In September, more than 100 middle-school students in Hall County Schools were certified in CPR with the help of the associate in nursing degree program out of North Georgia, building on a 10-year partnership.

“Service in the community is particularly valuable for new nursing students as they learn the various roles of nursing and experience diverse environments for care,” said Patti Simmons, nursing program coordinator. “Service learning can occur before the student starts clinical experience, so early on the student begins to see that not all health care is given in acute care settings. It is different from volunteerism in that it meets a need identified by the community while achieving course learning outcomes.”

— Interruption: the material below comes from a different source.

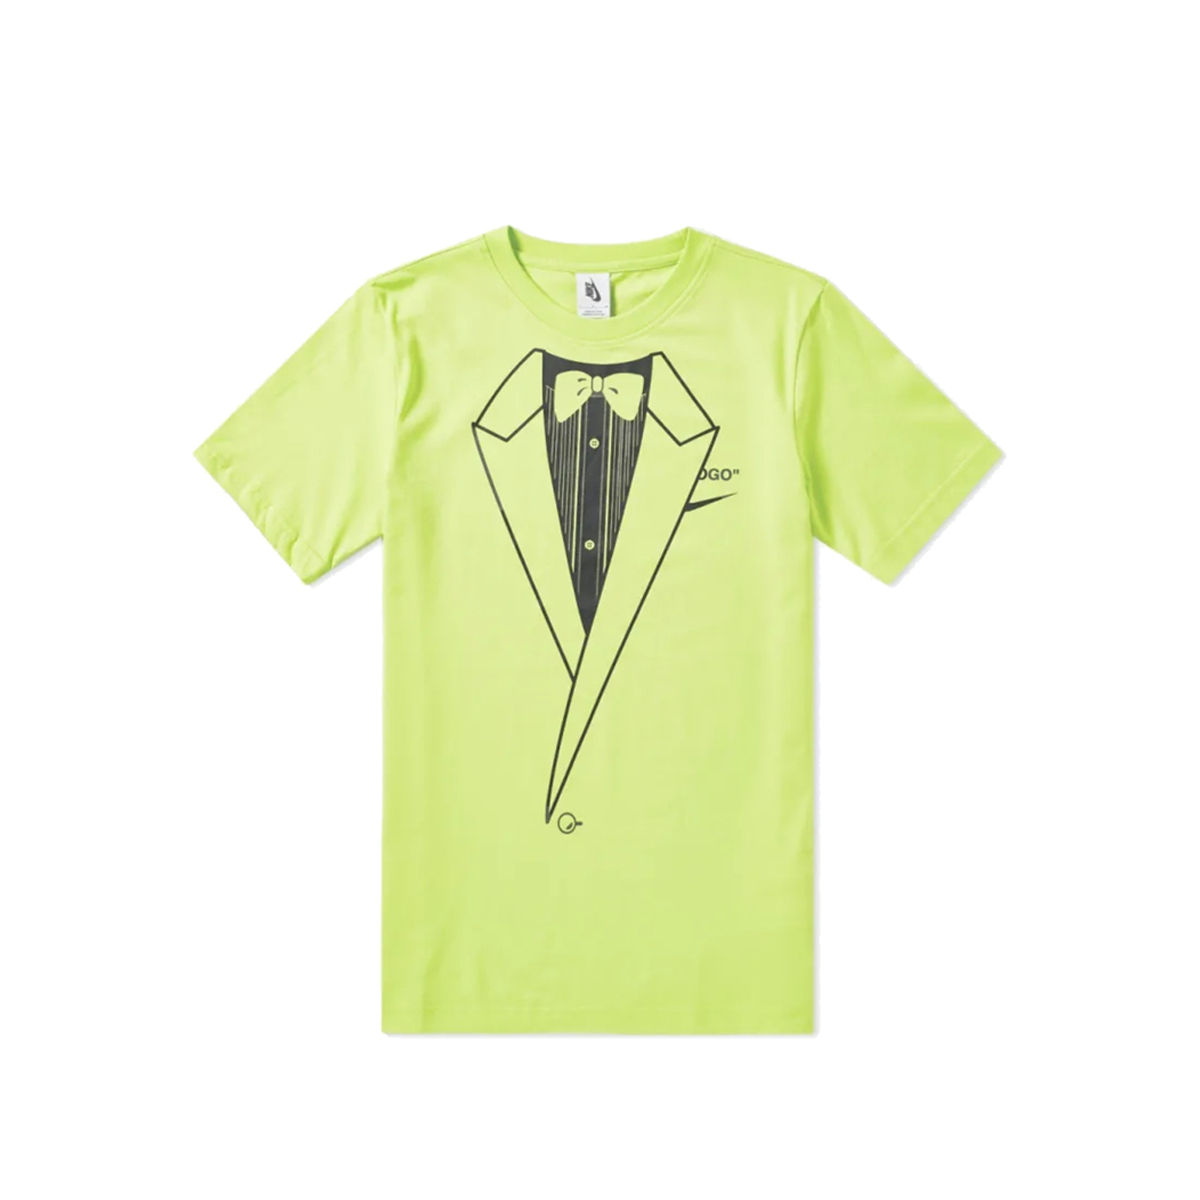 Nike x Off-White NRG A6 T-Shirt Tee Lime Green | TBD - KLEKT

Nursing students attending the Gainesville State College satellite campus assisted Rachel Allison, a registered nurse at West Hall Middle School, in teaching the American Heart Association procedure for CPR to students in her health care science classes.

“We all enjoyed the day working together and we certified 101 students in AHA CPR,” Allison said. “The ASN students also shared with my sixth-grade classes details about the nursing career, how to obtain a nursing degree and how to fund it.”

Jessica Hewell, one of the seven nursing students involved in the project, said she enjoyed speaking with the sixth-graders about her interest in nursing and answering questions about nursing school.

“It’s important for North Georgia to reach out to community schools with service-learning projects,” Hewell said.

“Speaking with students of WHMS may have given them a better idea of how to prepare for nursing school or any college degree.”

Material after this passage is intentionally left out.